It didn't feel like anything—not like the usual rush of strength or clarity. But something inside me shifted. A deeper awareness. A layer of the system that had been just out of reach… now within it.
A translucent panel appeared in my mind's eye—sharper than before. Not a mere floating prompt, but a full screen, hovering just above my vision like parchment made of light.
---
> [Status Menu – Open]
Name: Joren Fallow
Class: Initiate (Verdant Bastion)
Sword Proficiency: 5
Strength: 6
Endurance: 7
Agility: 6
Intelligence: 6
Reflex: 1
Stamina: 1
Aura: 0
Health: 100 / 100
Experience (XP): 0 / 100
Level: 1
Skill Slots: 0
└─ [Basic Sword Art]: Locked
System Functions:
└─ Stat Growth via Prompts: Disabled
└─ Quest Tracking: Enabled
└─ Manual Training Gains: Limited (Sword Only)
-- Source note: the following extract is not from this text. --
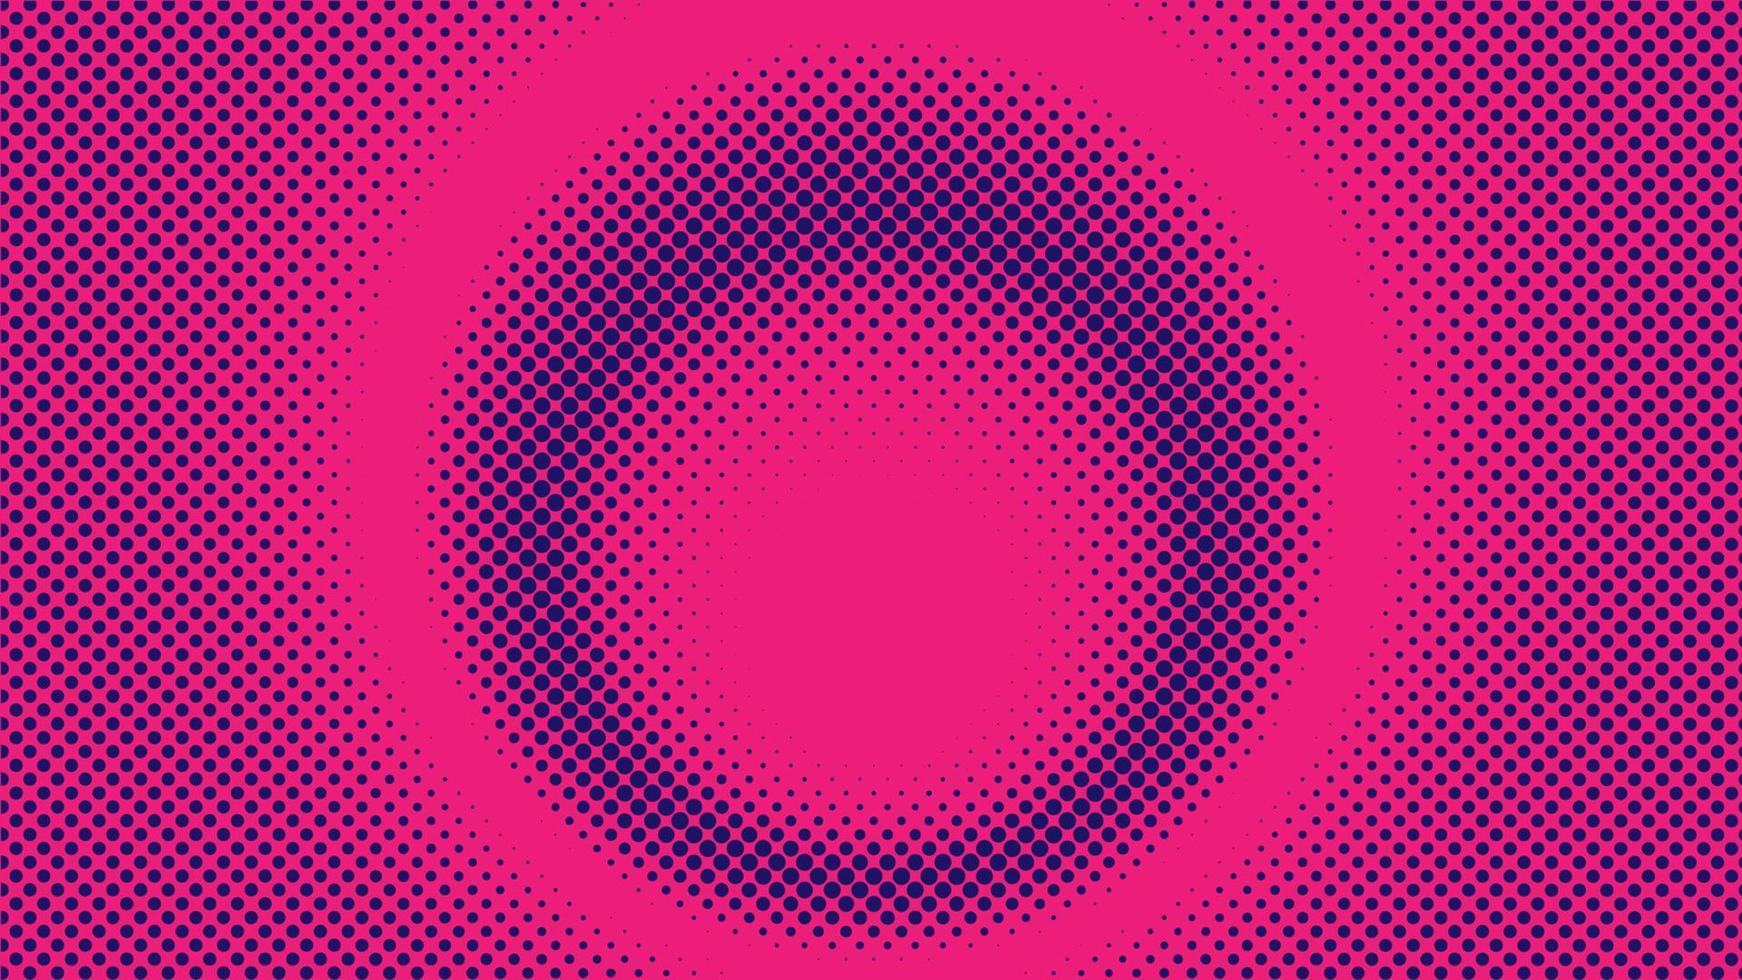 färgglad radiell halvtonsbakgrundsdesignmall, popkonst, abstrakt prickmönsterillustration, modernt texturelement, ringhalvtonsprydnad, rosa magenta violett lila nyanseringstapet vektor
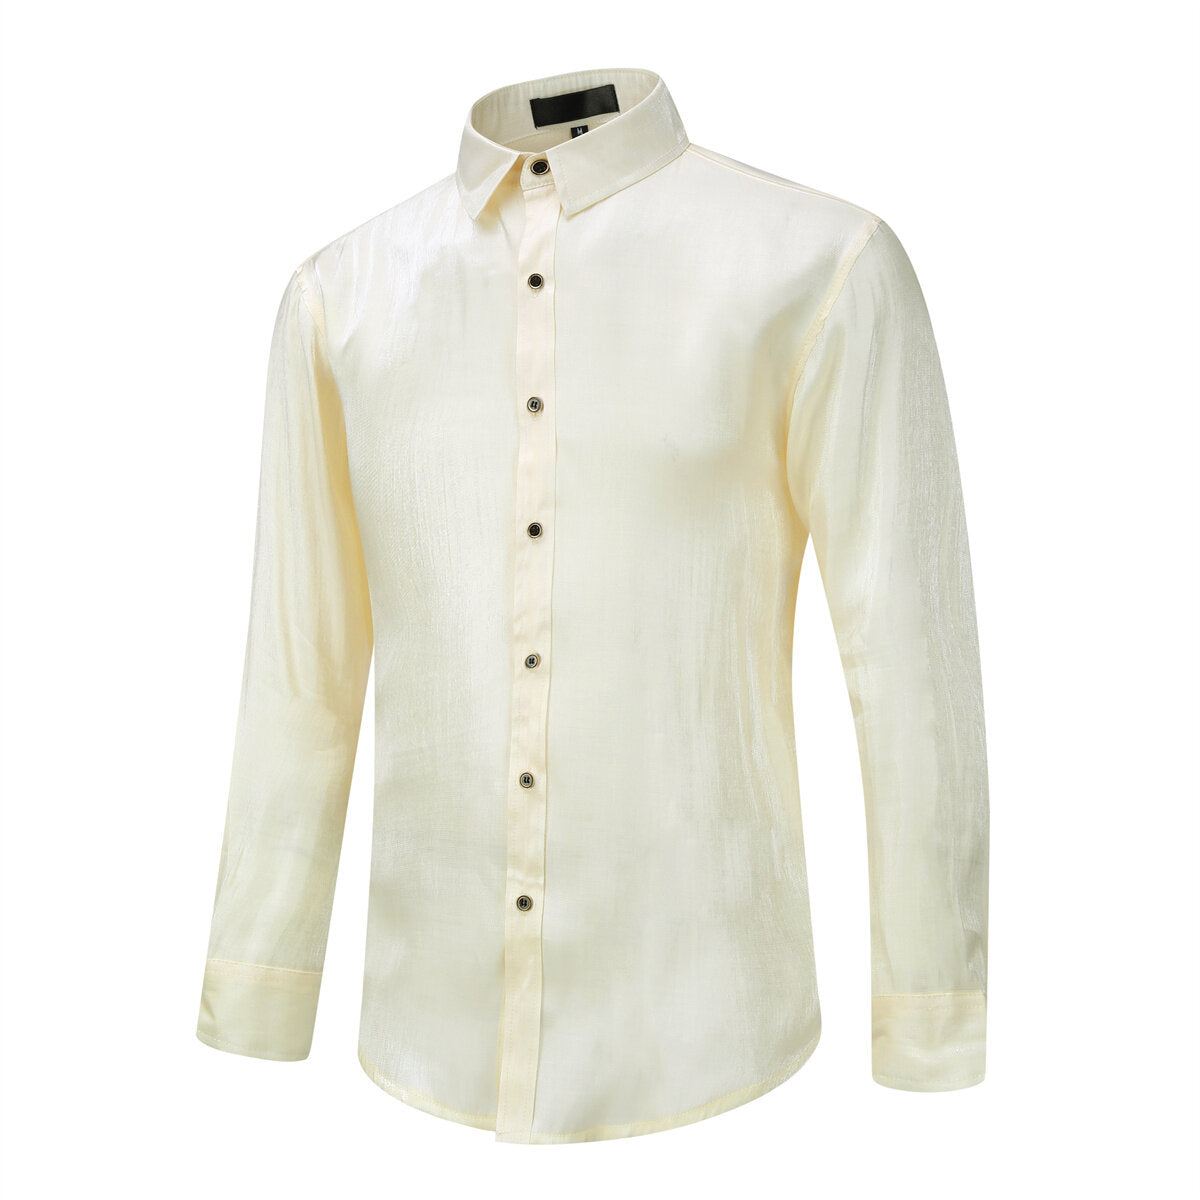 Men's Solid Color Silk Comfort Long Sleeve Shirt Beige

└─ Skill Acquisition: Through Quests, Combat, or Study
└─ Health HUD Overlay: Toggleable — Displays real-time HP during combat and damage taken per strike
└─ EXP Tracker Overlay: Toggleable — Displays current EXP gain in real-time
---
A mix of thrill and dread settled over me. No more stat boosts from push-ups and parries. No more tidy +1 popping up during drills. Now, if I wanted to grow… I had to earn it.
Really earn it.
But just as the thought crossed my mind:
Ding.
> [Quest Available]
Name: First Steps Forward
Objective: Study aura theory independently and attempt to circulate internal aura
Reward: +25 XP
Optional Bonus: Record results in training journal — Bonus: +10 XP
Accept this Quest?
[Yes] / [No]
I stared at it for a long moment, heart thudding.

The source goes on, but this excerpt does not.